The research is present that demonstrates that millennials are the first of their kind to delay this right-of-passage into adulthood. They reportedly feel less of a sense of excitement for getting older and entering the workplace than they do a sense of deep-seeded fear and feelings of inferiority. Much of the content populating the web is geared towards millennial’s tendency to resist adulthood, mostly due in part to feelings of inadequacy. In today’s job market it is that much harder to gain employment in one’s chosen field or even an unpaid internship in that which they majored. Simply put, it is much harder to gain the experience one needs to even be qualified for many of the jobs in the market. This, coupled with the idea of helicopter parenting that become popular in the 1990s and creates an inability to detach from parental figures, makes adulthood not only anxiety ridden but sometimes, unattainable. It has often been claimed that millennials are a generation of narcissists. The overall characteristic associated with this generation is often times misconstrued to assume that they are a heaping batch of narcissistic A-holes, but the issue really goes much deeper than that. Millennials are not refusing to juggle school, a part-time job, and laundry just because they think they’re too entitled. Many millennials, like Amy, from Donatone’s research, don’t possess the skills to handle all of these tasks on a daily basis, and the idea of taking on these seemingly normal responsibilities for a twenty-something year-old, is actually cause for anxiety and depression.

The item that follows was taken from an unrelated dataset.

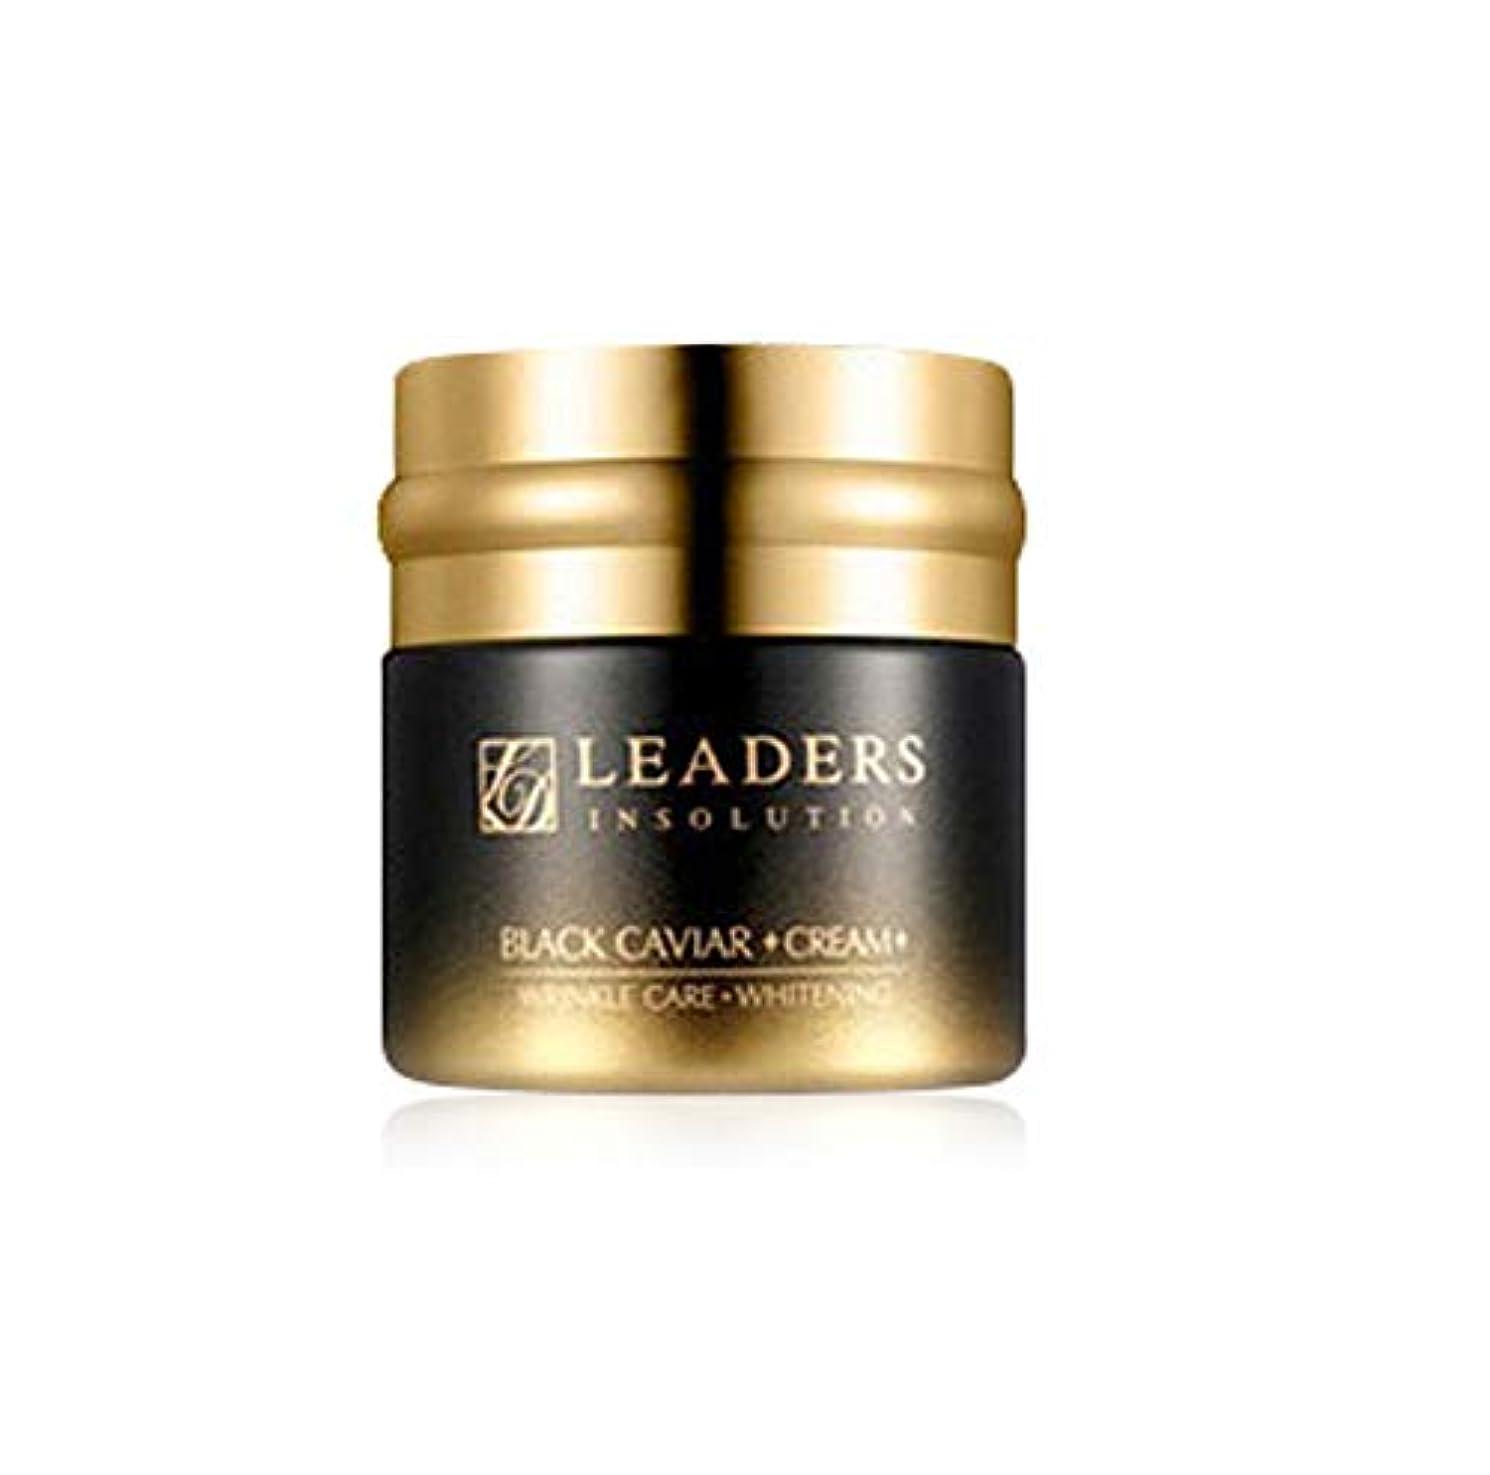 元の円周欲しいですリーダースLEADERS 韓国コスメ ブラックキャビアクリーム65g 海外直送品 Black Caviar Cream [並行輸入品]

It is not unusual for millennials to browse through Facebook and be suggested a slew of articles based on 90s throwback items like Beanie Babies or platform shoes. It is also just as likely that a millennial will click on one of these numerous articles listing back-to-school gear they probably had on their first day of middle school (see Bustle.com’s 13 Thing Every Hot Topic Kid Had In Their Middle School Wardrobe). It is of course comforting for everyone to remember the simpler times of childhood, but in the past, the media has not made such efforts to curtail their content to a group of readers hungry to regress, even if for a few minutes, into their pasts.
It should not go without mentioning, that not all millennials identify with these feelings of anxiety towards adulthood and that many are able to balance a healthy work/play lifestyle. There are many people from this generation who are comfortable entering the workforce and taking on the responsibilities that come hand-in-hand with growing up. However, this generation is undeniably plagued with the juxtaposition between the late 90s to early 2000s economy versus the very discouraging and cutthroat marketplace in which they must navigate today. Many millennials have dreams of actually working at a company where their skills and degrees can be put to use. It is a pathetic reality that people are arguing Liberal Arts degrees will soon be obsolete. The troubles that this group faces can’t be washed away by someone telling them to simply study the fields that have lots of jobs and pay well – It’s unrealistic – not everyone can be web developers, accountants, work in telecom, or in any of the other hot ticket careers.
When millennials are scouring Indeed.com and Craiglist.com, applying to a hundred or more jobs per day, perhaps the only thing that does lighten the heart a bit is BuzzFeed’s Can We Guess What 90s Snack Matches Your Personality?, glimmering with the hope of escape and freedom from underemployment woes. Perhaps 90s nostalgia is the only thing that lessons the blow, if even for a few brief moments.